On Sun, Jul 4, 2010 at 9:03 PM, Theodore Tso tytso@mit.edu wrote:
On Jul 4, 2010, at 3:27 AM, Dave Airlie wrote:
So its as crap as the others since the kernel space is uninteresting and doesn't give you any idea how to actually use the GPU, its just a slightly intelligent shim which transfers command streams and interrupt to/from gpu/userspace.
Its like having an ELF loader but no source to the compiler or linker, and saying the CPU is open.
We have sources to our web browsers but not to the a number of the various web services that the browsers talk to (GMail, AIM, Gmane, Yahoo Finance, Google Search, etc.).
And we have the sources to the Intel wireless drivers, but not to the firmware, and that's not necessarily considered a horrendous thing.

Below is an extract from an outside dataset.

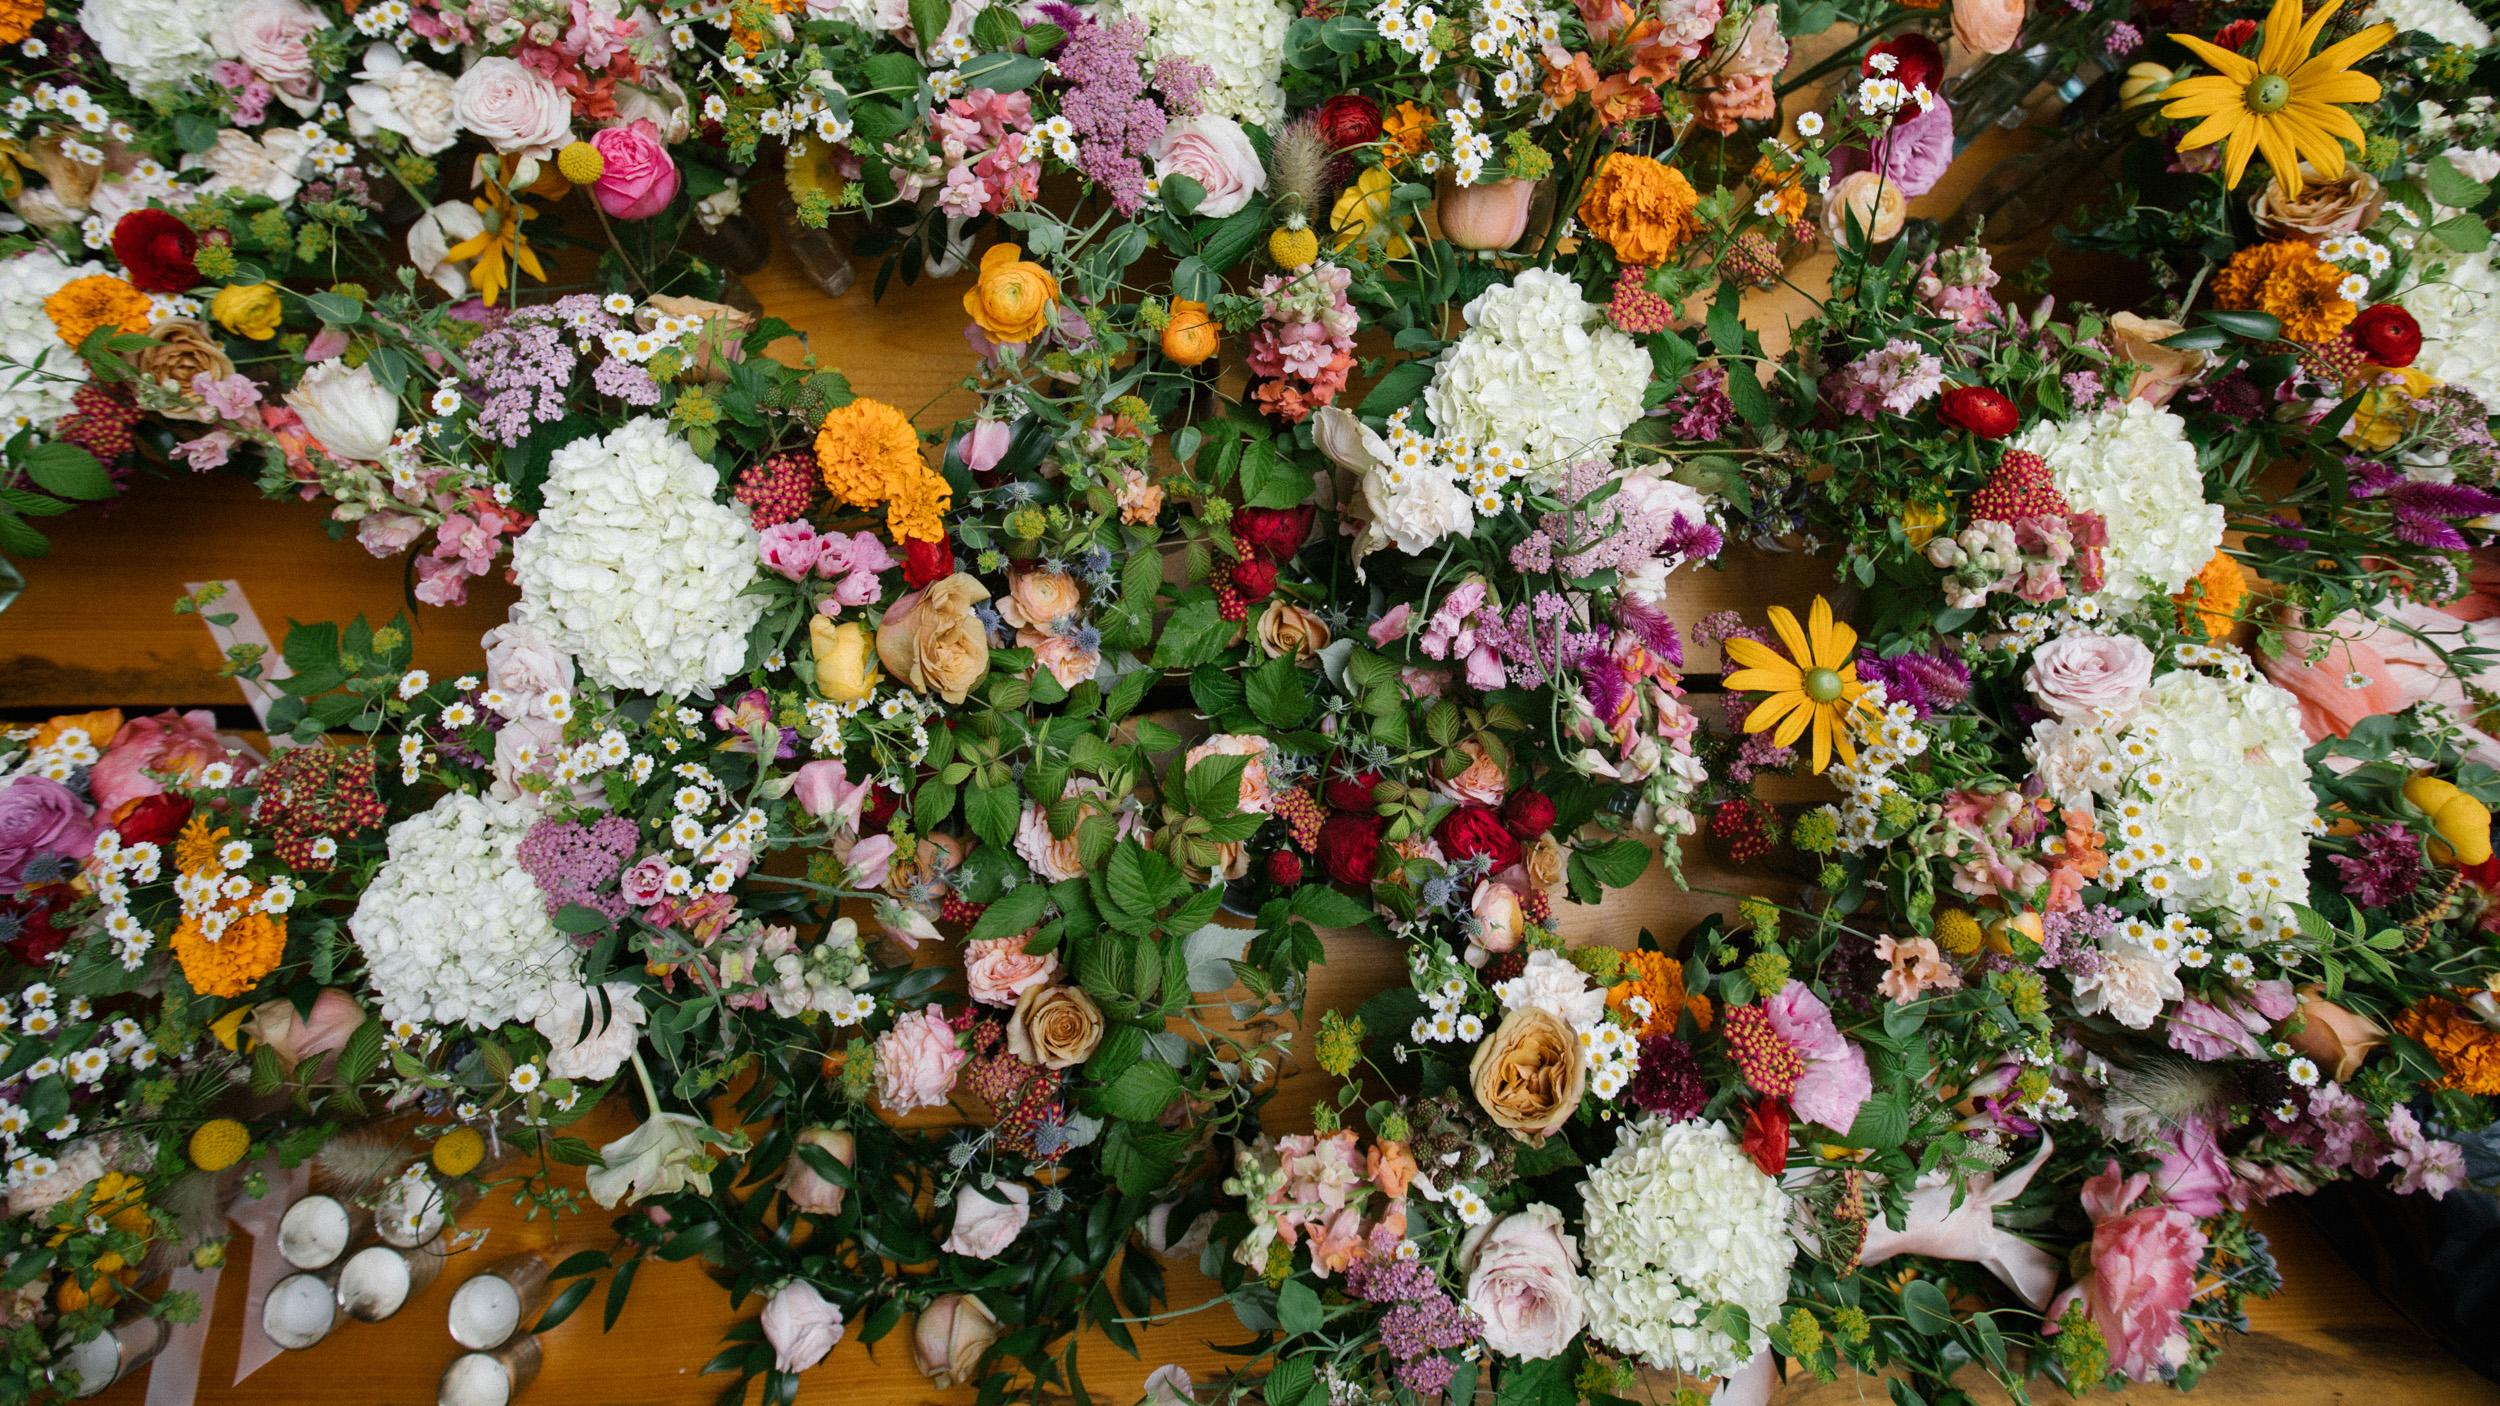 alec_vanderboom_vermont_wedding_photography-0129.jpg

And we generally consider our laptops to be open even though we don't have access to the BIOS or the SMBIOS, which can interrupt the OS at any time, potentially for milliseconds at a time.
So the world isn't quite as black and white as you would make things out to be...
Oh sorry I didn't realise I was downloading the 3D driver userspace via firefox, or it was shipping in a ROM on my board, or was running on a separate processor, and certain companies were rather more worried about just adhering strictly to the legal GPL than the reasons Linus picked the GPL in the first place.
I will give that one area is less black and white, ARM GPU companies have no markets outside of Linux, the whole derived from a previous Windows driver is a lot more grey than it is if you are nvidia.
Dave.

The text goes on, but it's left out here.